■ DATASET CONTENT:
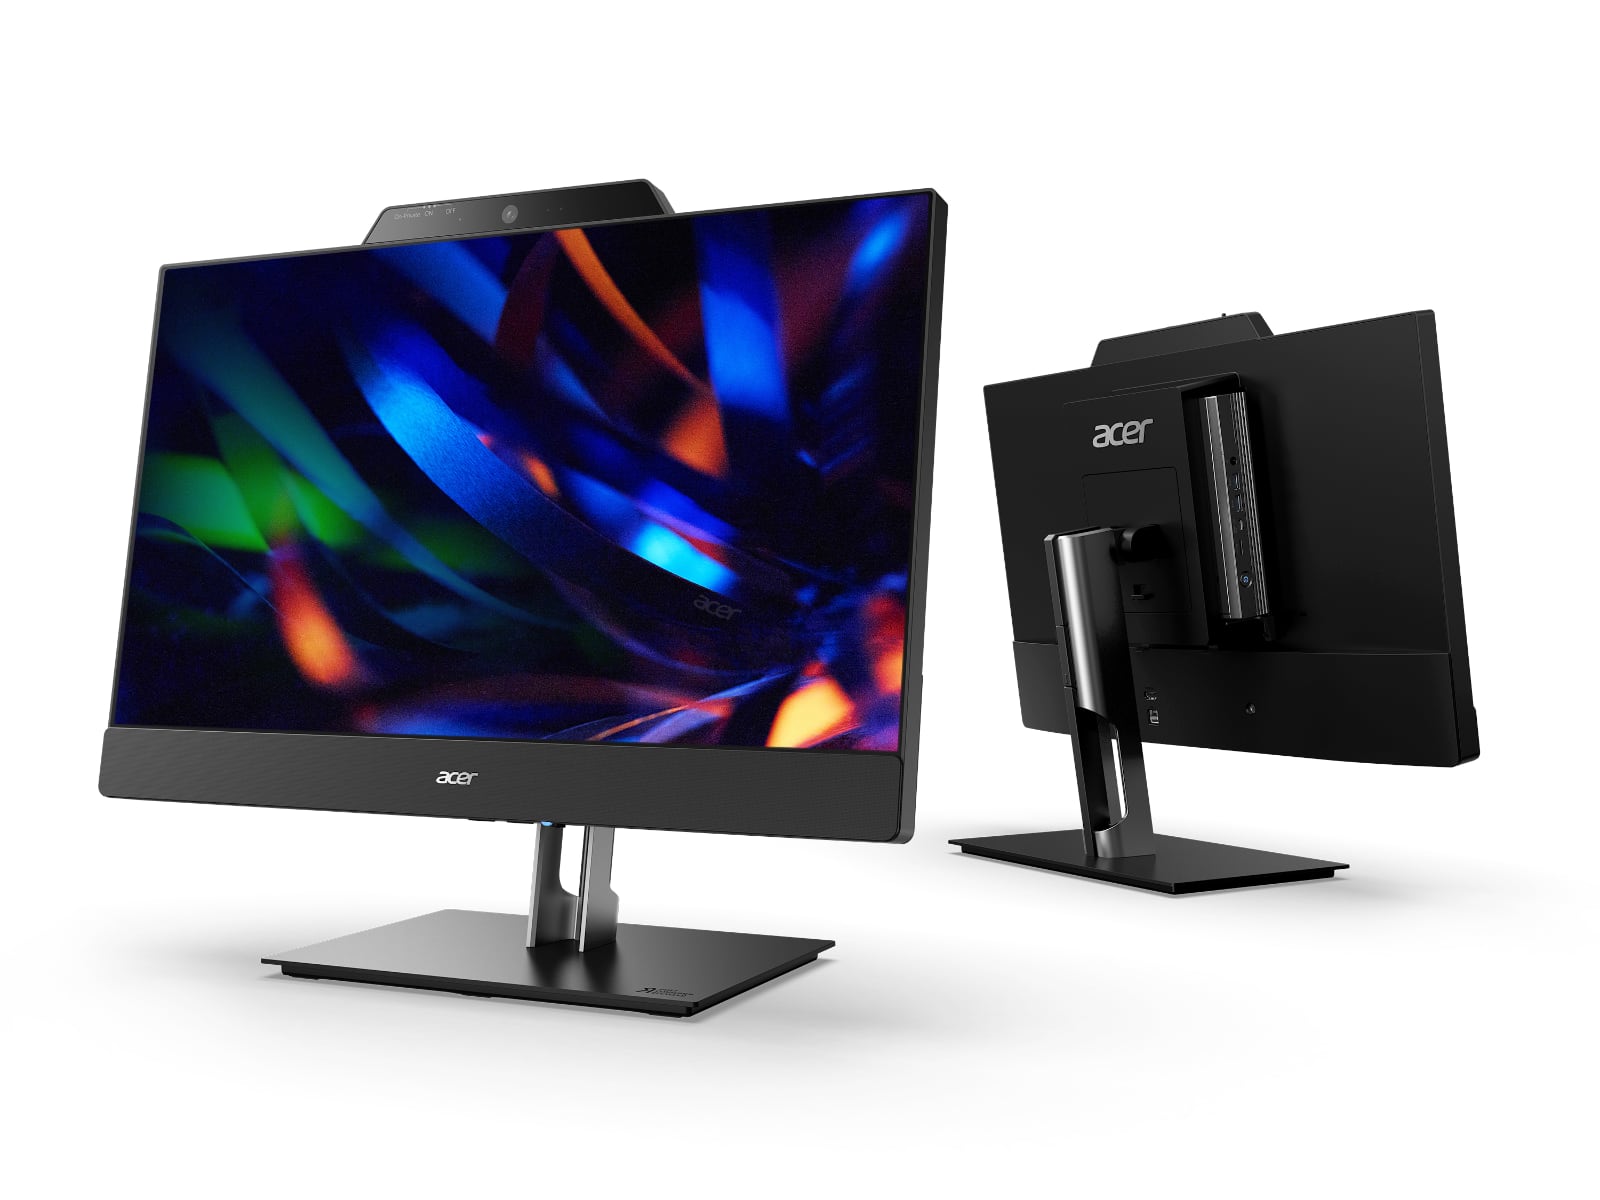 Acer añade un monitor FHD 1080p de 24 pulgadas al nuevo Chromebox CXI5 y crea la solución Add-In-One 24 por 610 dólares-3
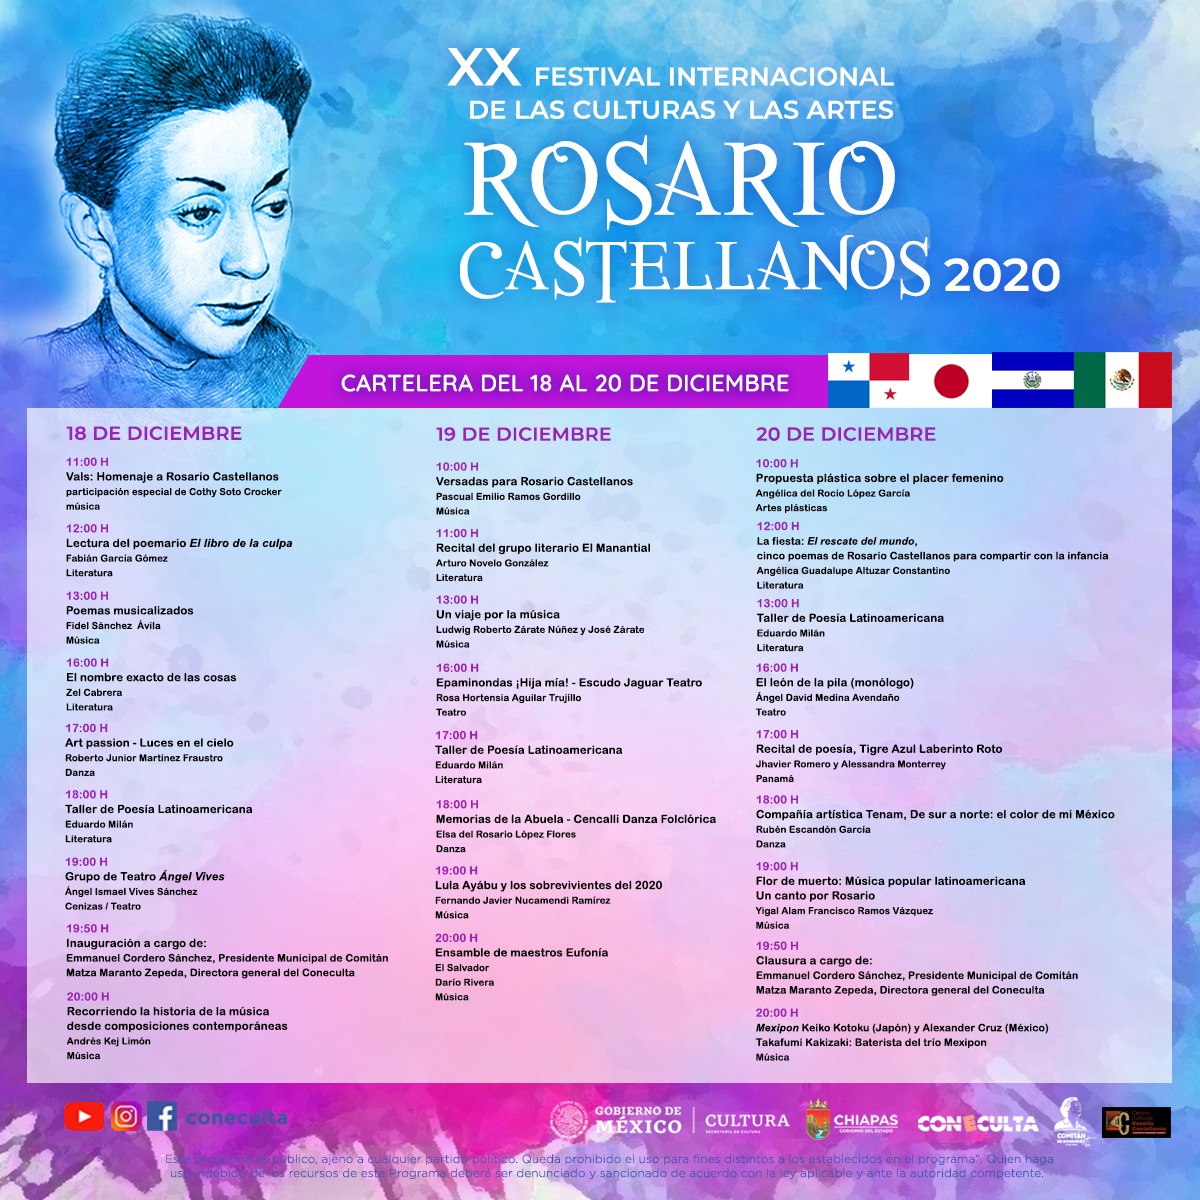 XX Festival Internacional de las Culturas y las Artes Rosario Castellanos 2020
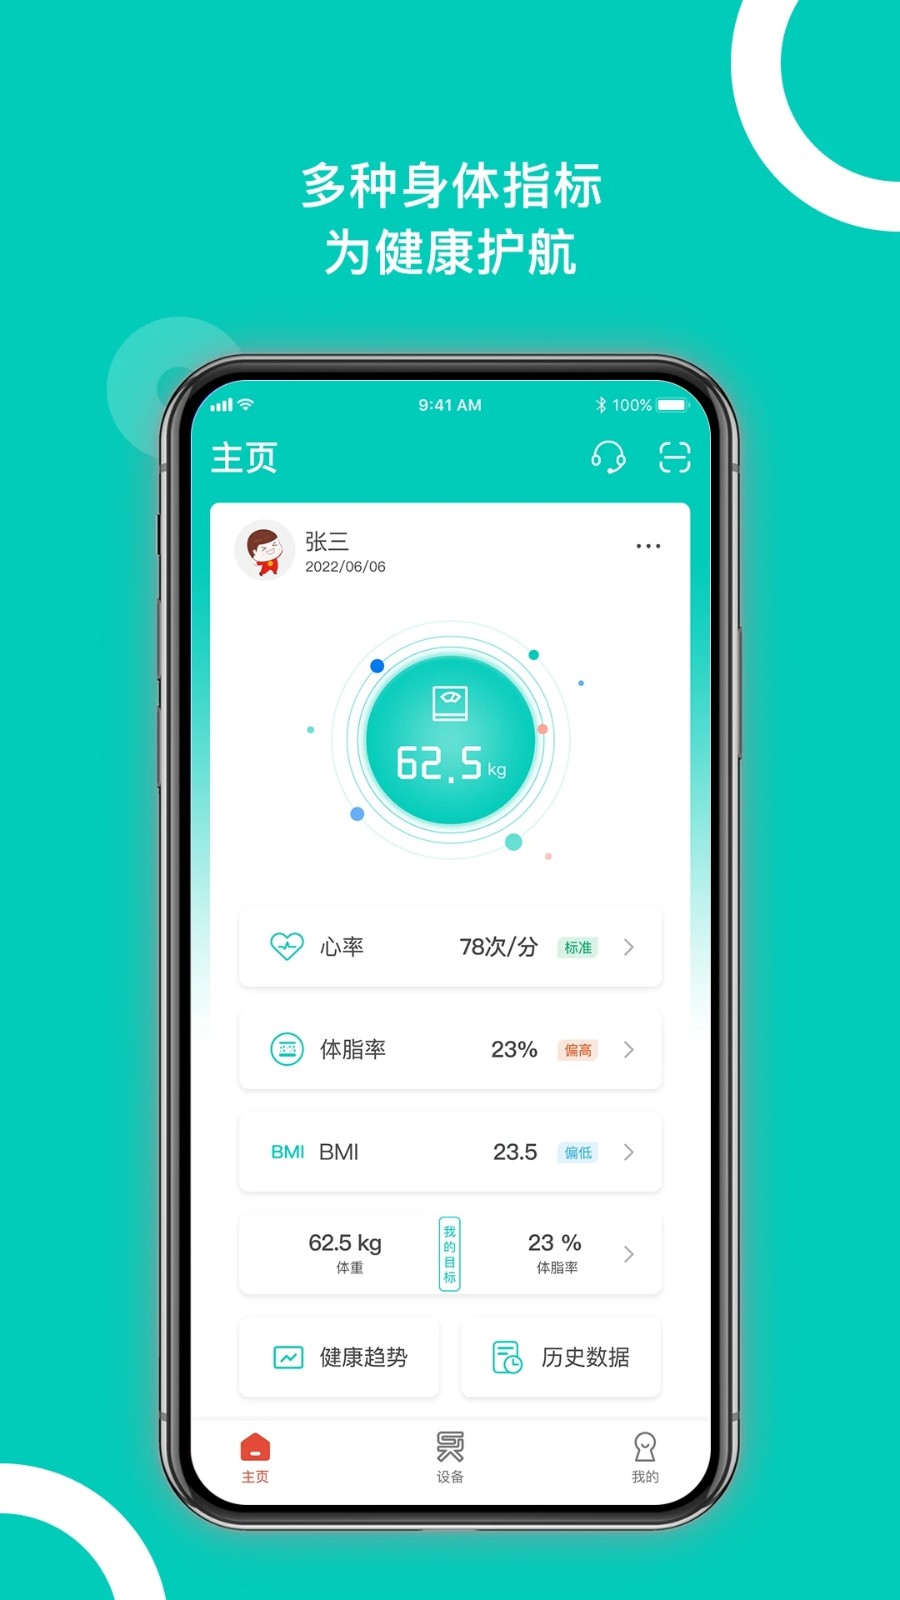 西昊智能app

■ WORK INSTRUCTION:
Retype each line above precisely, please. Skip anything that is a picture.

■ THE COMPLETED TASK:
 Acer añade un monitor FHD 1080p de 24 pulgadas al nuevo Chromebox CXI5 y crea la solución Add-In-One 24 por 610 dólares-3
 XX Festival Internacional de las Culturas y las Artes Rosario Castellanos 2020
 西昊智能app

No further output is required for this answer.